Hypothetically, if we were to agree to use proprietary software and SASS, we would have a top of the art code hosting solution with all the whistles and bells that makes life of developers so much easier.Under that hypothesis, we might as well consider using Github which is already the canonical place for several repositories. GitHub does have an on-premise offer which would fit some of our privacy requirements. Afterall GitLab and GitHub offer very similar experiences in the end.

The cost (time and money) of migration will be fairly large and I don't think it is offset by the limited set of features offered. We will still need to deal with the infrastructure maintenance and add a lot of new and custom tools on top of GitLab to make it fit our requirements.

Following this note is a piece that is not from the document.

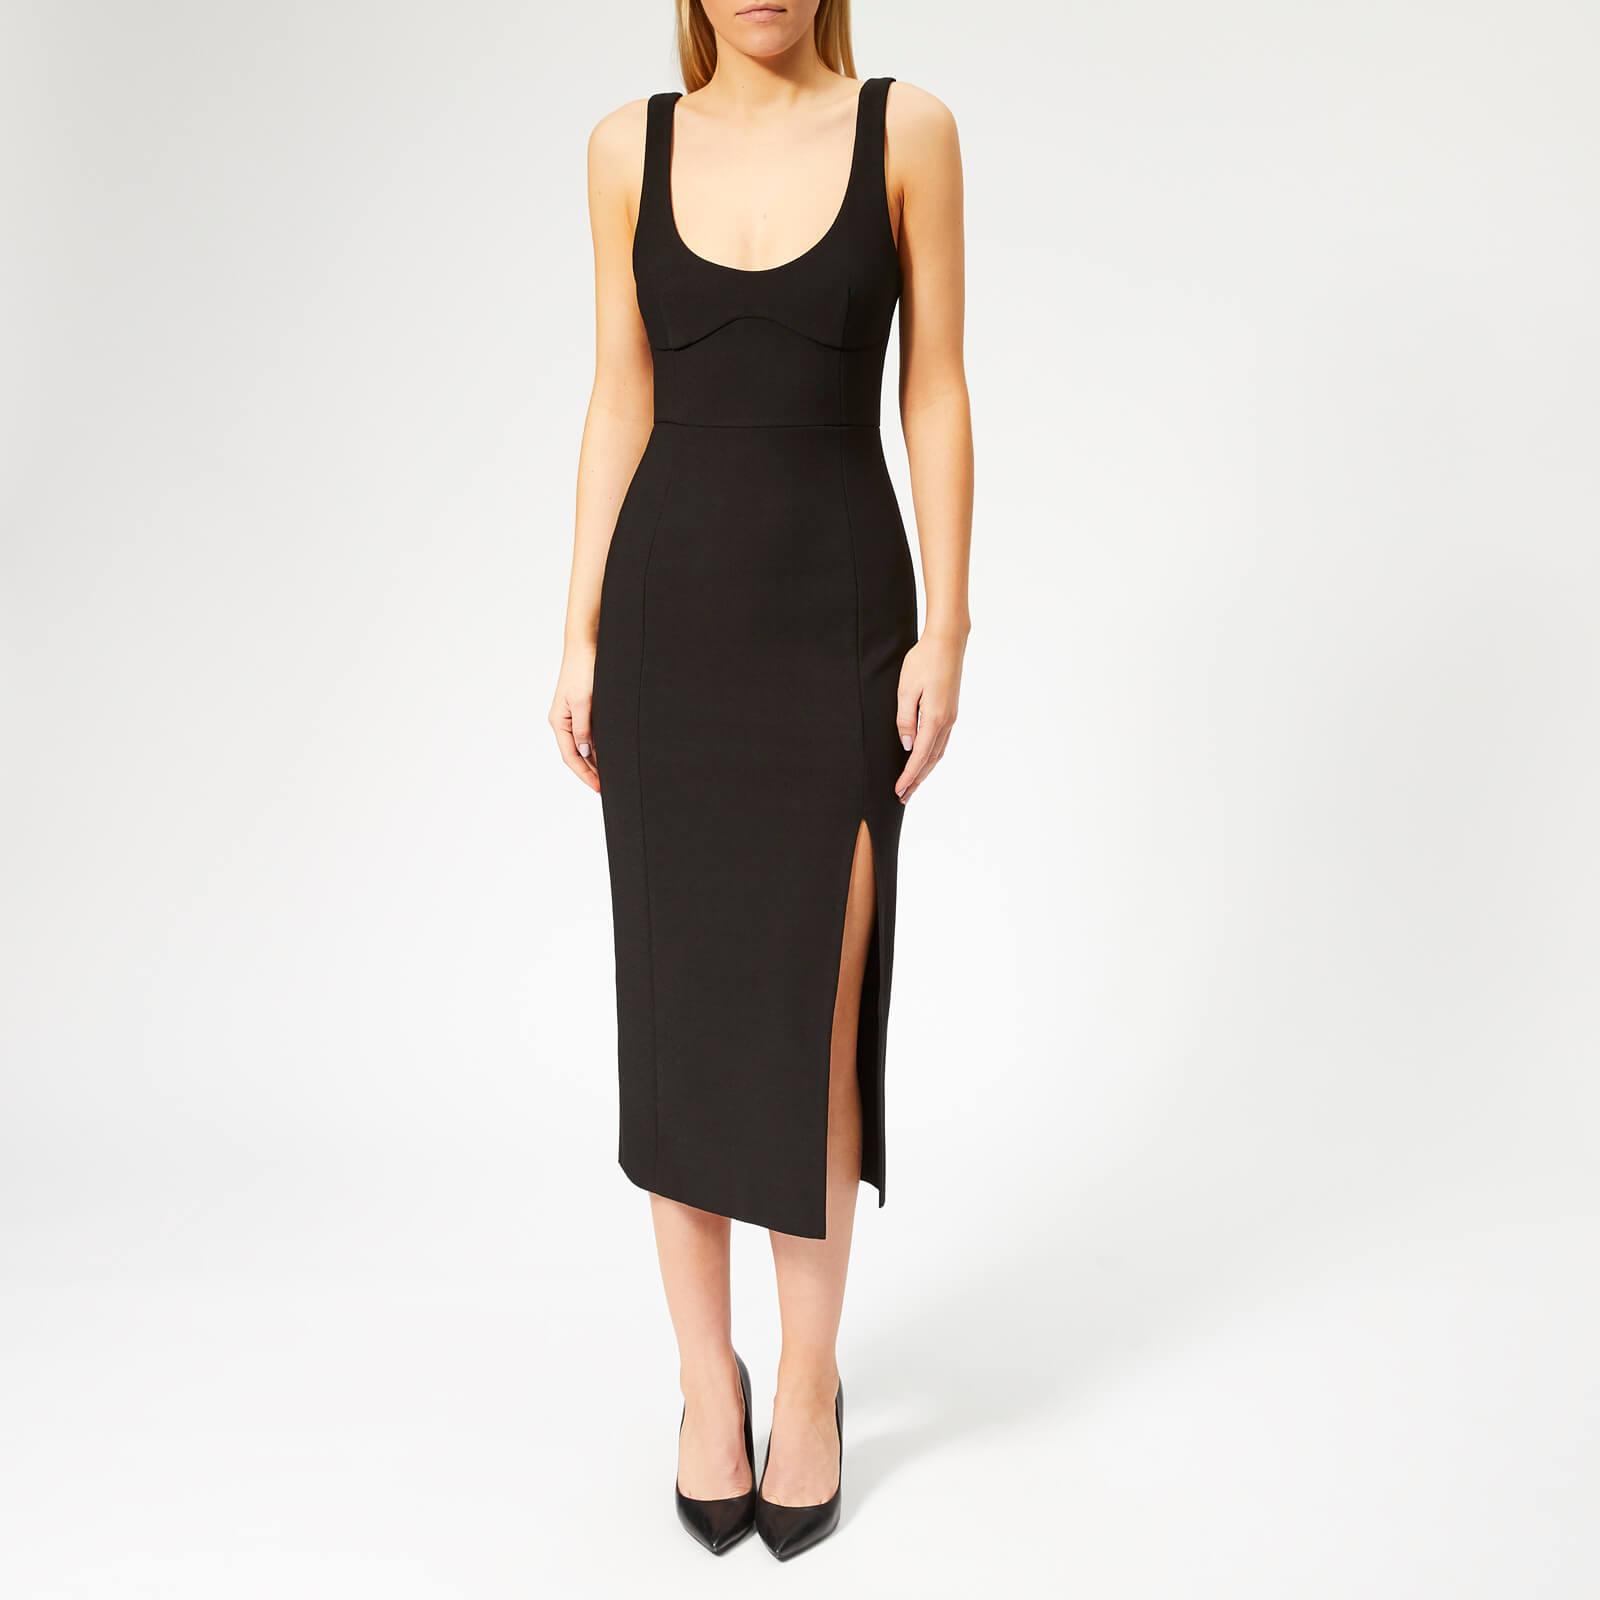 Bec & Bridge Women's Elle Midi Dress - Black - UK 10 - Black
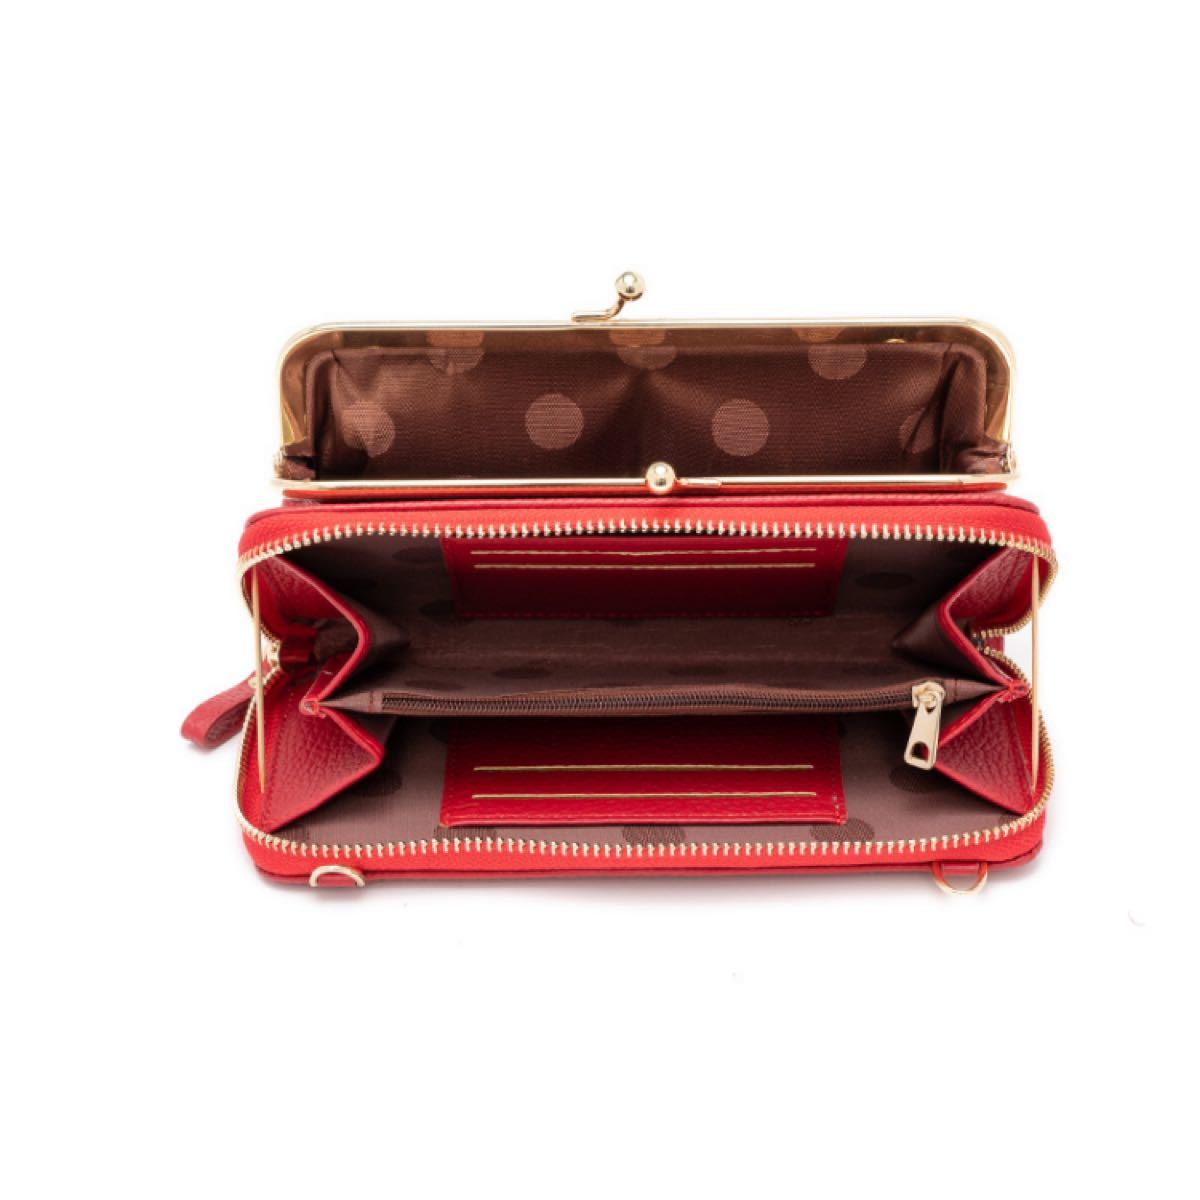 ショルダーバッグ お財布ポシェット がま口バッグ レッド 赤 ショルダーバッグ お財布ポシェット スマホポーチ

There are alternatives though. One such is to elevate ourselves from being a Gerrit consumer to an actor of its open-source community. A lot of the usability concerns can be addressed by proposing code and enhancing the software. The UI is now using a JavaScript templating engine instead of java. Changing the project creation capability to no more be global but instead be a regular permission is probably not that complicated to implement had we had a couple of our java developers to look into it. But that needs resourcing on our behalf, either in our own developers or by contracting Gerrit familiar developers.

We could also consider other forms of hosting for Gerrit. Be it through a company such as GerritForge or via a likely minded organization: OpenStack and their OpenDev project. The latter offers more or less the same stack of tooling we use, are entirely open source and we borrowed our CI system from it.

The gitlab full suite is a good fit, but the limited subset of features in the open source version only gives us the branch workflow, a somehow more pleasant UI and repository creation. It is in my opinion too limited to consider worth migrating too.